Kurds ‘will not join Sochi peace talks’

Lebanese Kurds take part in a protest near the European Commission offices in Beirut on Sunday against the ongoing Turkish military campaign in Afrin. (AFP)

BEIRUT: Authorities in Syria’s Kurdish autonomous region said on Sunday they would not attend peace talks in Russia’s Sochi next week because of Turkey’s offensive against the Kurdish enclave of Afrin.
“We said before that if the situation remained the same in Afrin we could not attend Sochi,” regional official Fawza Al-Yussef said.
Turkey is one of the sponsors of the talks in the Black Sea resort on Monday and Tuesday, along with Russia and Iran.
Turkey’s military offensive in Afrin “contradicts the principle of political dialogue,” Yussef said.
Turkey launched operation “Olive Branch” on Jan. 20 against the Syrian Kurdish People’s Protection Units (YPG) militia in Afrin, supporting Syrian opposition fighters with ground troops and air strikes.
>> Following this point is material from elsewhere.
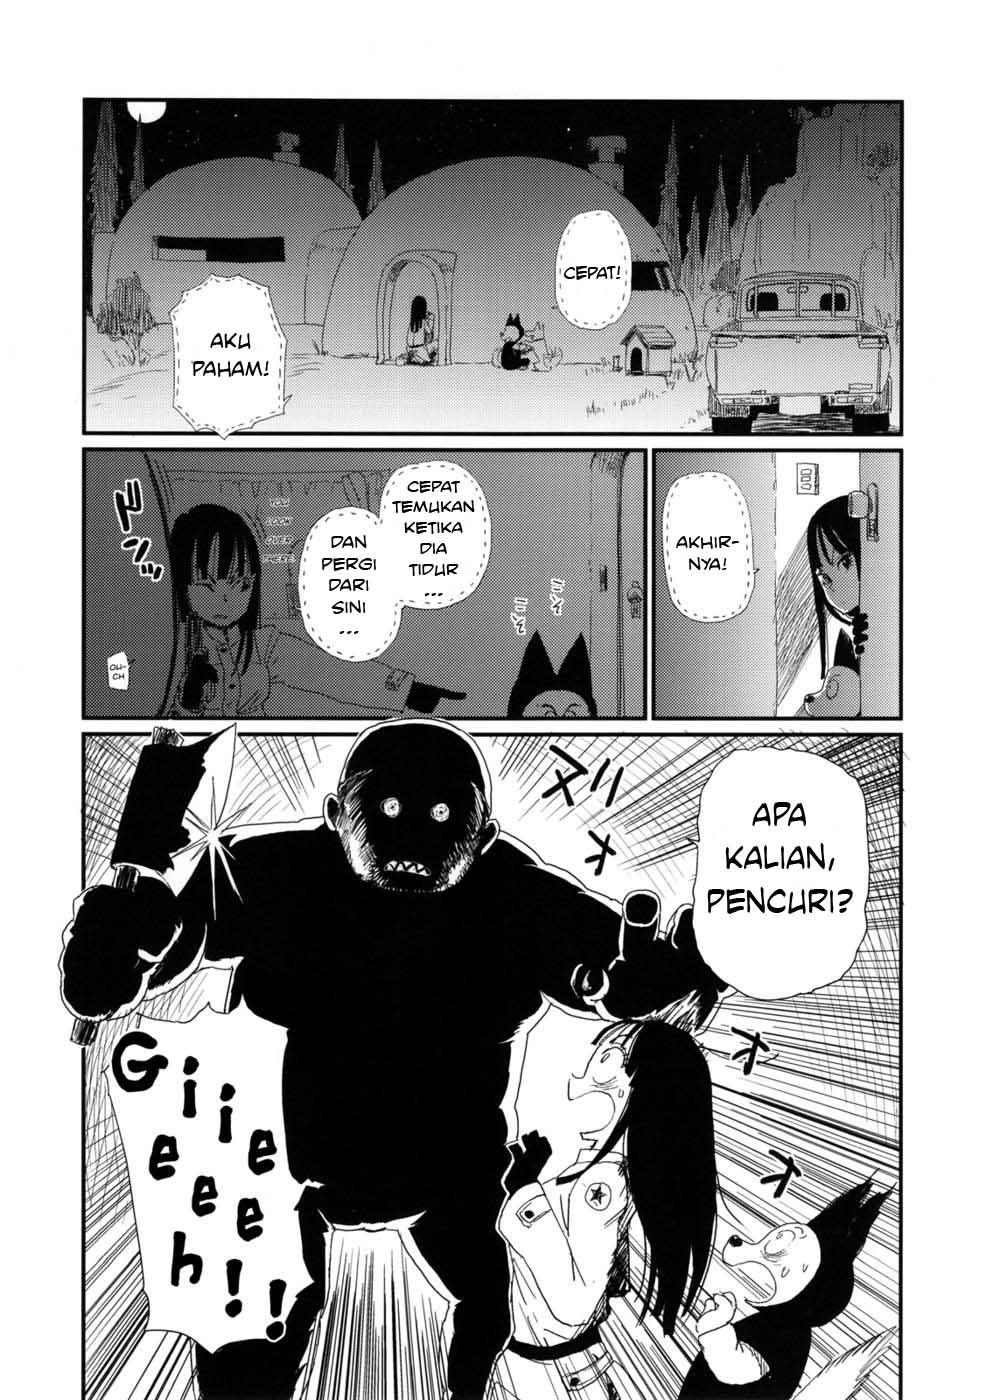 Komik Hentai | Manga Hentai | Komik XXX | Komik Porno | Komik SEX | komik dewasa | komik ngentot | komik hentai sex | komik sex naruto | komik sex one piece | komik hentai manga | komik sex hot dragon ball hentai sex

Ankara says the YPG is a “terrorist” offshoot of the outlawed Kurdistan Workers’ Party (PKK), which is proscribed as a terror group by Ankara and its Western allies.
The Sochi talks come after multiple failed rounds of UN-brokered talks to end Syria’s seven-year war.
On Saturday, Syria’s main opposition group, the Syrian Negotiation Commission (SNC), also said it would not attend the negotiations.
The commission accused President Bashar Assad’s regime and its Russian backers of continuing to rely on military might — and showing no willingness to enter into honest negotiations.
The opposition announcement came after two days of separate UN-backed peace talks came to a close in Vienna.
“This round of negotiations was an international test for the regime, and the test ended yesterday (Friday),” the opposition Syrian Negotiation Commission’s Nasr Al-Hariri told reporters in Vienna.
In the SNC’s initial announcement of a boycott, the group said on its Twitter account Friday night that “Russia has not succeeded in promoting its conference.”
“The SNC has decided not to participate at Sochi after marathon negotiations with the UN and representatives of countries involved in Syria,” it added.
Dozens of rebel groups had already refused to join the talks in the Black Sea resort next Monday and Tuesday organized by Moscow, and the question of whether the main opposition would attend overshadowed the Vienna talks.
Those talks stretched late into Friday night, with both regime officials and the SNC meeting separately with UN Syria envoy Staffan de Mistura — who did not strike an especially optimistic tone after the gruelling negotiations.
As with eight previous rounds of failed UN-backed talks in Geneva, there was no sign that the warring sides had met face to face at discussions intended to lay the groundwork for a new post-war constitution.
De Mistura, speaking to reporters, admitted there had been a disheartening lack of progress up until now.
“I share the immense frustration of millions of Syrians inside and outside the country at the lack of a political settlement to date,” he said.
UN Secretary-General Antonio Guterres will send his Syria peace negotiator to the conference in Russia, a spokesman said in New York.
De Mistura stressed the legitimacy of the UN-led talks over Russia’s parallel peace push, however, saying firmly that a political transition for Syria “is to be reached in the UN-led Geneva process.”
“I hope that the forthcoming Syrian national dialogue congress in Sochi will contribute to a revived and credible intra-Syrian process under the UN in Geneva,” he added.
Haid Haid, a consulting research fellow at Chatham House think-tank, said Russia’s long-term strategic interests were at play in Sochi.
“They want to present themselves as peace brokers, not only in Syria but in the Middle East in general, a role traditionally carried out by the Americans,” Haid said.
“For the Russians to take this role, they have to do what the Americans were not able to do” — find a solution in Syria, he said.